I've been trying to set myself realistic goals for where I want to be in life and trying hard to achieve them for a while now. Bear with me, I am no granola crunching hippie or some kind of new age practitioner or something... I am just a fat guy trying to not be so fat as it were. But what if you're goals are simply unachievable? I mean, what happens if you're goal is a worthy one and your work towards it admirable... but the chance of you achieving it nigh on impossible?

This week, His Holiness the Dalai Lama came to UBC and Vancouver for a conference on peace. While I am not one of those people who looks to Eastern philosophy for spiritual guidance (what with me being from the East and all), I genuinely do admire this man and his take on life. Regardless of what the official Chinese government and some others may call him, he is something of a spiritual being... someone a lot of people seem to be mesmerised by. He is no wolf in sheep's clothing as the bureaucrats in Beijing portray him to be, but he sure is something else. So nice that a whole load of kids took trains and buses and cars to go out to GM Place I think to hear him (and others) talk about peace.

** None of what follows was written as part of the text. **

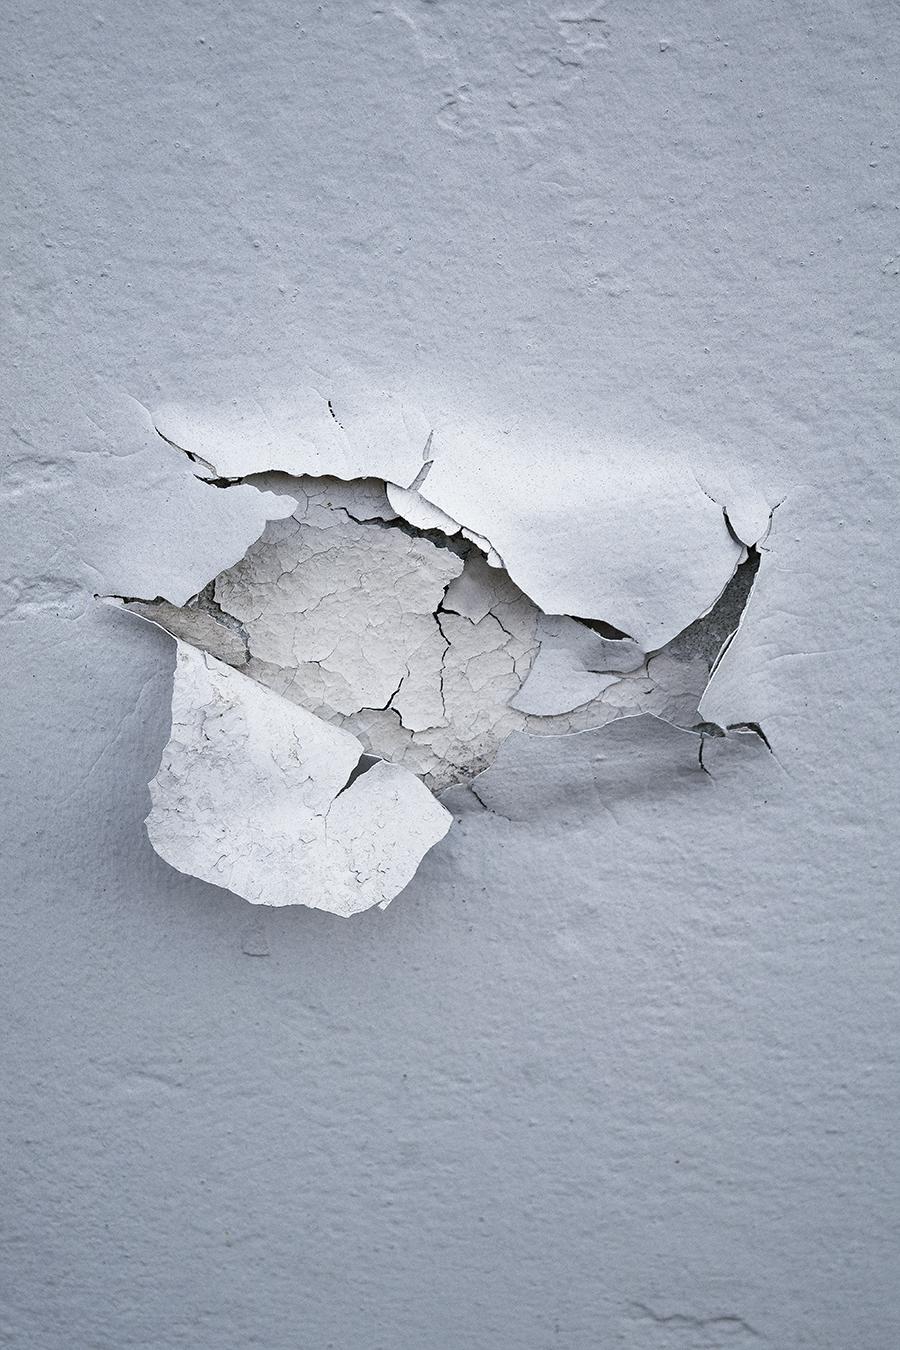 Karen_Liao_still_life_photography_white_layer_wall_fractured_broken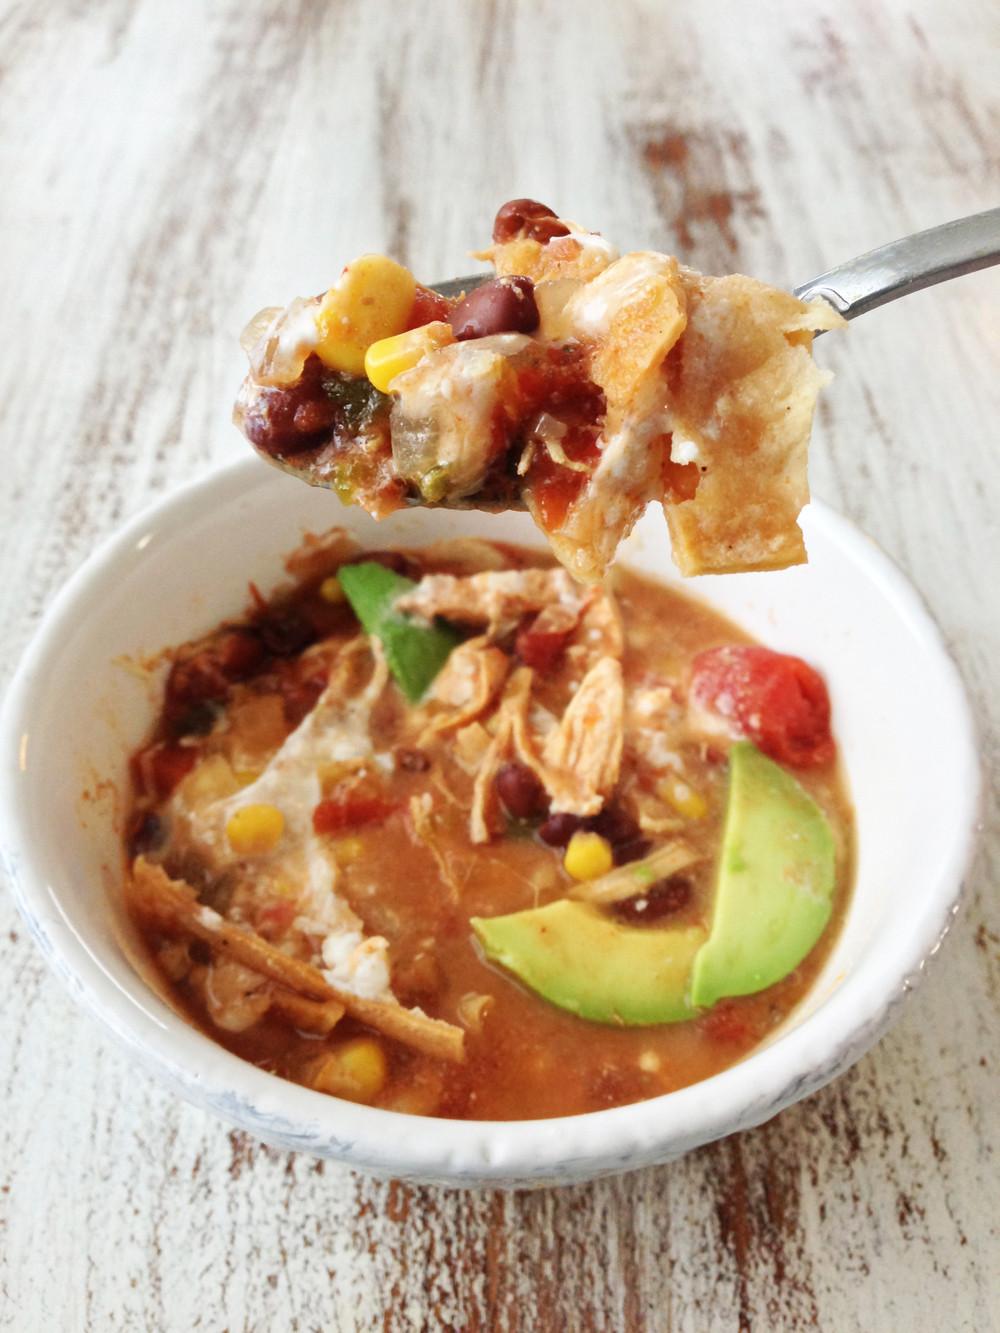 Healthy Chicken Tortilla Soup Crock Pot  Healthified Crock Pot Chicken Tortilla Soup — The Skinny Fork

He has articulated his dream of going back to Tibet for years now. But what are his chances? I mean, it is a lofty dream, it is definitely a worthy one, but realistically, what are the chances that he will ever set foot in Tibet again? In one word, none. Some revolutions will never come. Will he ever give up on the dream though? Not likely. Has his life been in vain? I don't know any more.

Sometimes, dreams are just dreams. Nice things you would like to have. Sometimes, you convince yourself they are worth your while and you pursue it pig-headedly even though you know in your mind that you are swimming against the tide and don't have a hope in hell of achieving them. And yet you pursue it like it was the only thing that mattered. Such is the human spirit. I wonder what happens to all those who spent their lifetimes into achieving their goals and ultimately failed. Do they die as unhappy souls only to be re-born into a world with a whole new purpose? Perhaps we are going into the supernatural here... but it does make me wonder.

At any rate, chase those dreams I say. Because they are what makes life worth living.